С поклажей возвратились монахини к себе
И принялись раздумывать, верны своей судьбе.
И вот другой сказала одна из них: «Сестра!
Я чувствую, не выдержать двоим нам до утра,
Не то, что трое суток, назначенный нам срок
Блюсти своё условие. Удел наш как жесток!
Хотелось на святыню одним глазком взглянуть,
Не даст нам любопытство спокойно и вздохнуть.
И хоть нам папа строгий и дал на то запрет,
Я более не в силах, перед собой секрет
Имея, здесь в неведенье об оном пребывать,
Поэтому желаю хоть мельком разузнать,
Что спрятано в вместилище изящном, там, внутри».
«О нет, сестрица, – молвила другая, – не смотри!
И Еву, и Пандору порок тот погубил,
А Лотову супругу и в пепел обратил.
Уж лучше имя честное и званье сохранить,
Чем любопытством праздным всему здесь навредить».
Два дня так проскочили, другой пришёл к концу,
А мысли у монахинь обращены к ларцу.
И вот одна сказала: «Придётся открывать,
Когда нам любопытства молитвой не унять.
Лишь взглянем на святыню и вновь ларец запрём.
Кто нам не даст вдруг ныне остаться при своём»?
Встревоженная птица и в щель смогла порхнуть,
Едва чуть приоткрылся ей на свободу путь.
И любопытных женщин охватывает дрожь,
Не знают, что им делать, заметят ли их ложь?
Предстали сёстры перед Святейшего лицом,
Взор долу обратили, стоят с пустым ларцом.
Его открыл сам папа, в нём птицы не найдя,
За то должны монашки пенять уж на себя.
А на вопрос, где птица, у них ответа нет,
Сказали, что не знают, какой там был секрет.
И рассердился папа, и молвил горячо:
«Не видели вы гнева понтифика ещё.
Вы думаете, мог я пустой вам дать ларец?
Испытывал я ваших тем чистоту сердец,
Я раскрывать сей ящик вам ясно запретил,
А вы туда залезли… Что б я вам отпустил
Грехи от Бога лично – большая наглость в том,
За это пожалеете вы ныне и потом.
И коль вам не по нраву священник приходской,
Тем более нельзя вам смущать тем мой покой!
Я вижу лишь гордыню и глупость в вас, и спесь,
Монахинями можете уж не считаться здесь,
Постигнет наказанье за дерзость этих жён,
Которыми ларец мой пустым был возвращён.
Вернитесь же в обитель, я милость проявлю,
Но братию с смиреньем любите вы свою.
Обычные вы женщины, так с прочими обряд
Вам исполнять бы надо, никто не виноват,
За исключеньем вас лишь.

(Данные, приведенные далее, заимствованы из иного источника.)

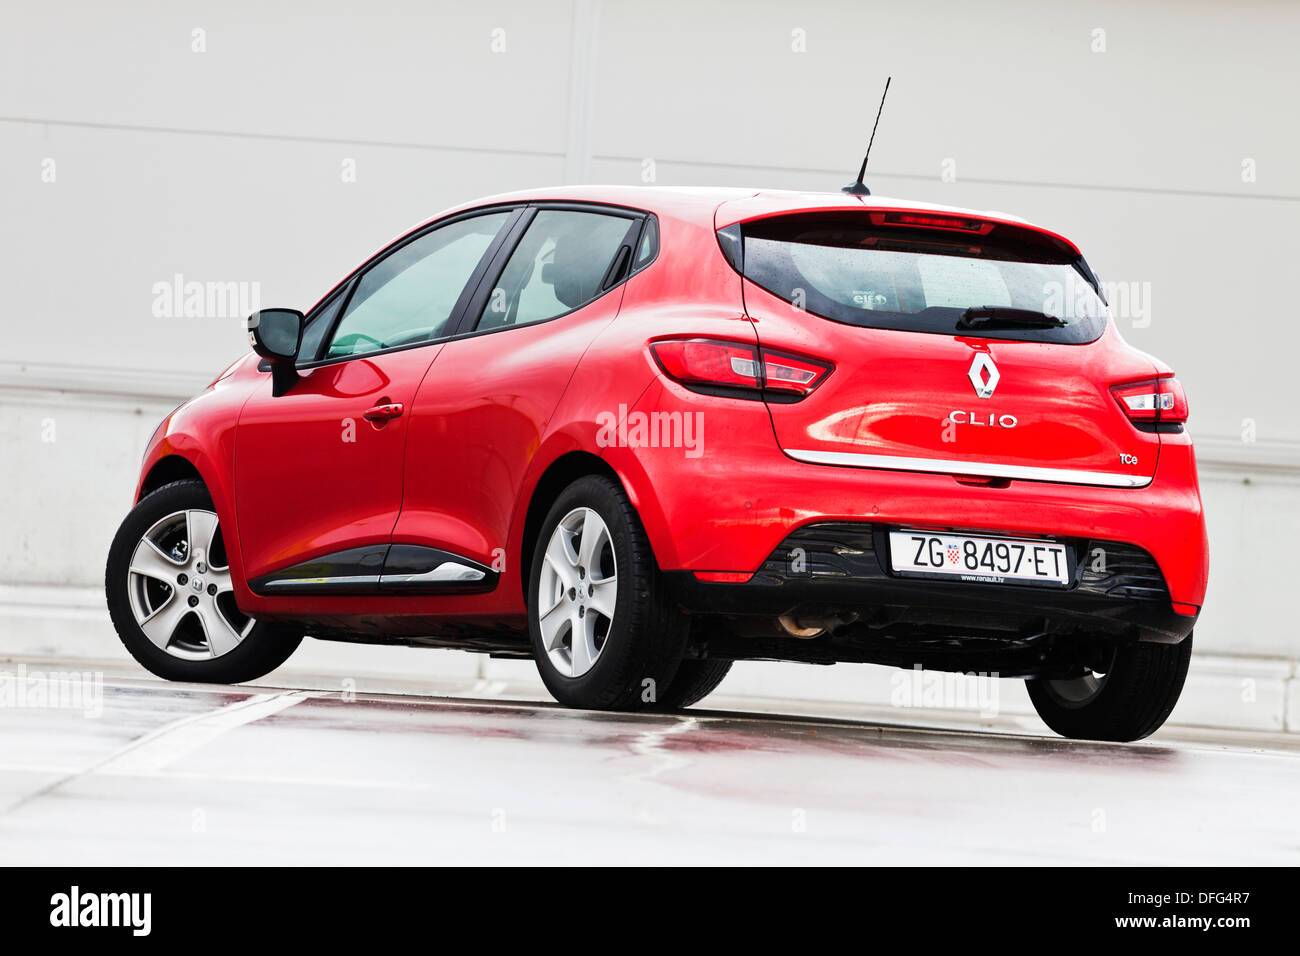 Clio iv stock photography and images - Alamy

Где ваша чистота?
Обычный ум в вас женский и ложь, и суета.
Не только чести можно гордынею лишить
Себя, но и проклятье навеки заслужить».
Вот так же и истица ведёт теперь себя,
Бахвалится и льстится, запретное любя,
Хотя ей пустословья строжайше надлежит
Беречься и родителя на то запрет лежит.
А если так, то к тайнам пусть доступ не дадут
Ей, оказать доверие такой – напрасный труд.

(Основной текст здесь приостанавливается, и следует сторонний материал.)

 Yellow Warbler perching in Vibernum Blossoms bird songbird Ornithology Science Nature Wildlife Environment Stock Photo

Она же утверждала, сколь пользы всем несёт,
Как ценными камнями снабжают все её.
Имеет что носитель и славу, и почёт,
Когда её ценитель с ней дружбу заведёт.
А я одно бесчестье способен вызывать,
По мненью той, которая посмела оскорблять
Меня, отборной бранью облив теперь всего,
Убийцей и мятежником зовёт, умножив зло.
Уж коль та за зубами не держит языка,
С неслыханным презрением глядит всё свысока,
То и я сам не буду удерживать себя
И о себе поведаю, толковое любя.
О славе, от рождения приобретённой мной,
О пользе несомненной, не знает о какой
Бессмысленное Золото, всю грязь его открыв,
Которой поливало меня, тем уязвив,
Всех ослепить стараясь лишь блеском показным,
То я всё красноречием низвергну здесь одним.

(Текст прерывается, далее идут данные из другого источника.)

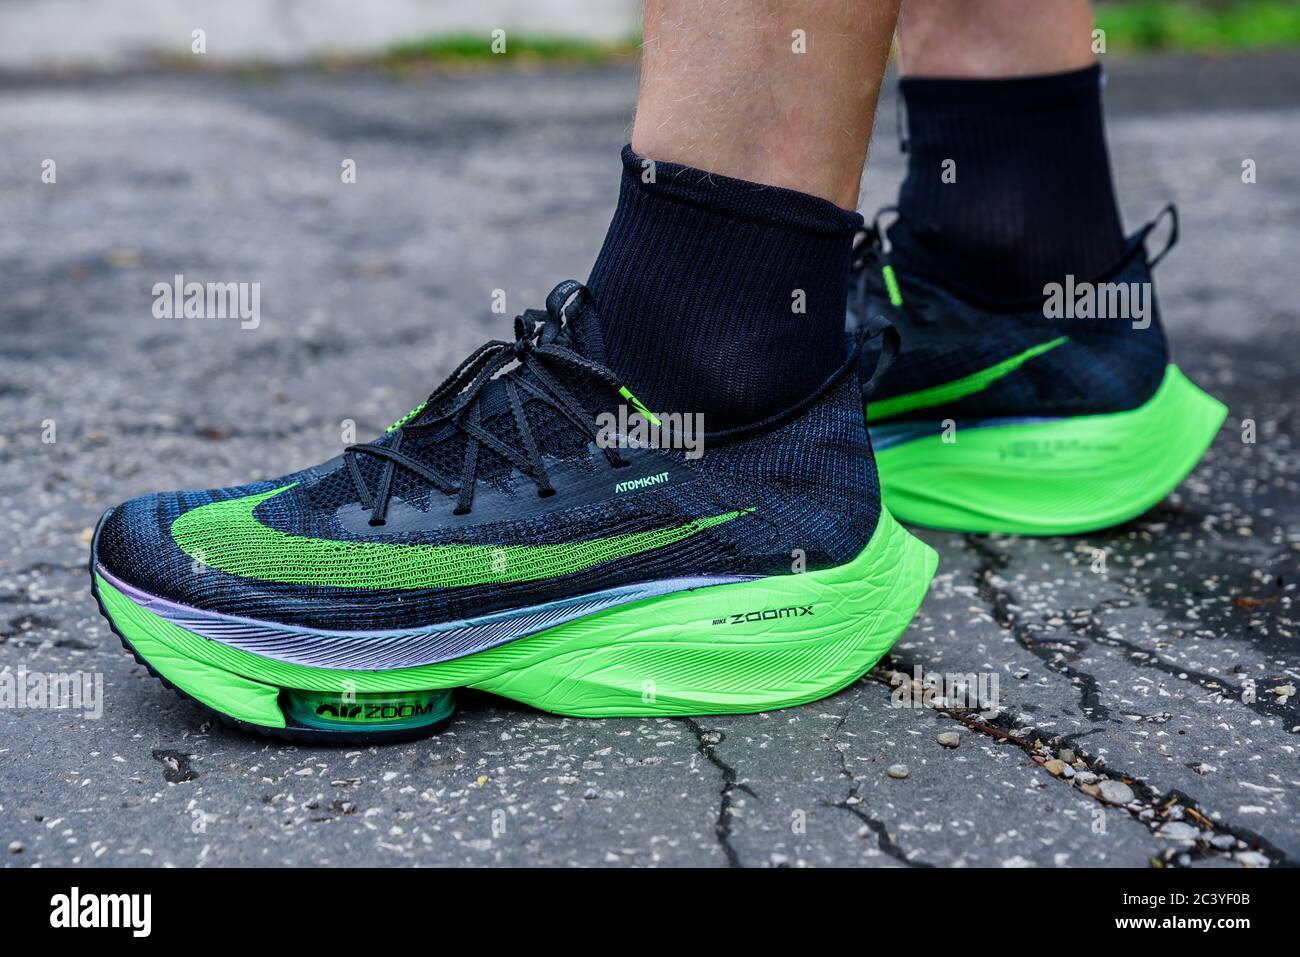 Page 3 - Nike Footwear High Resolution Stock Photography and Images - Alamy

К кому, заслуги видя, мы взоры обратим?
К тому, кто их причина, кто был Творцом одним,
Источником тех благ, что сподоблен я иметь
И в полученье коих смог прочих преуспеть.
Ведь в деле мне замены особо ныне нет,
Что людям если делают, в чеканке ли монет,
Ценою даже в квентин кто хочет смастерить
Любую вещь, тот должен меня употребить.
Ведь молот и резец я, чекан и штихель с ним,
Колосник золотарский, напильник и зажим.
Ведь без меня и девица себя не даст познать.
Я без неё ж спокойно могу сам пребывать.
Без моего участия нет пользы от неё,
Промолвлю без пристрастия, – содействие моё
Там требуется часто, и от моих услуг
Имела часто пользу, хотя я ей не друг.
Она же говорила, что всеми почтена,
Желанна и любима везде она одна.
Отчасти это правда. Но ищут его те,
Кто пребывает праздно в тревожной суете.
Обычно люди власти, солдаты, богачи,
Которые порою так в рвенье горячи,
Что, вечному проклятию причастны, в ад идут,
А кто его не знает, те души берегут.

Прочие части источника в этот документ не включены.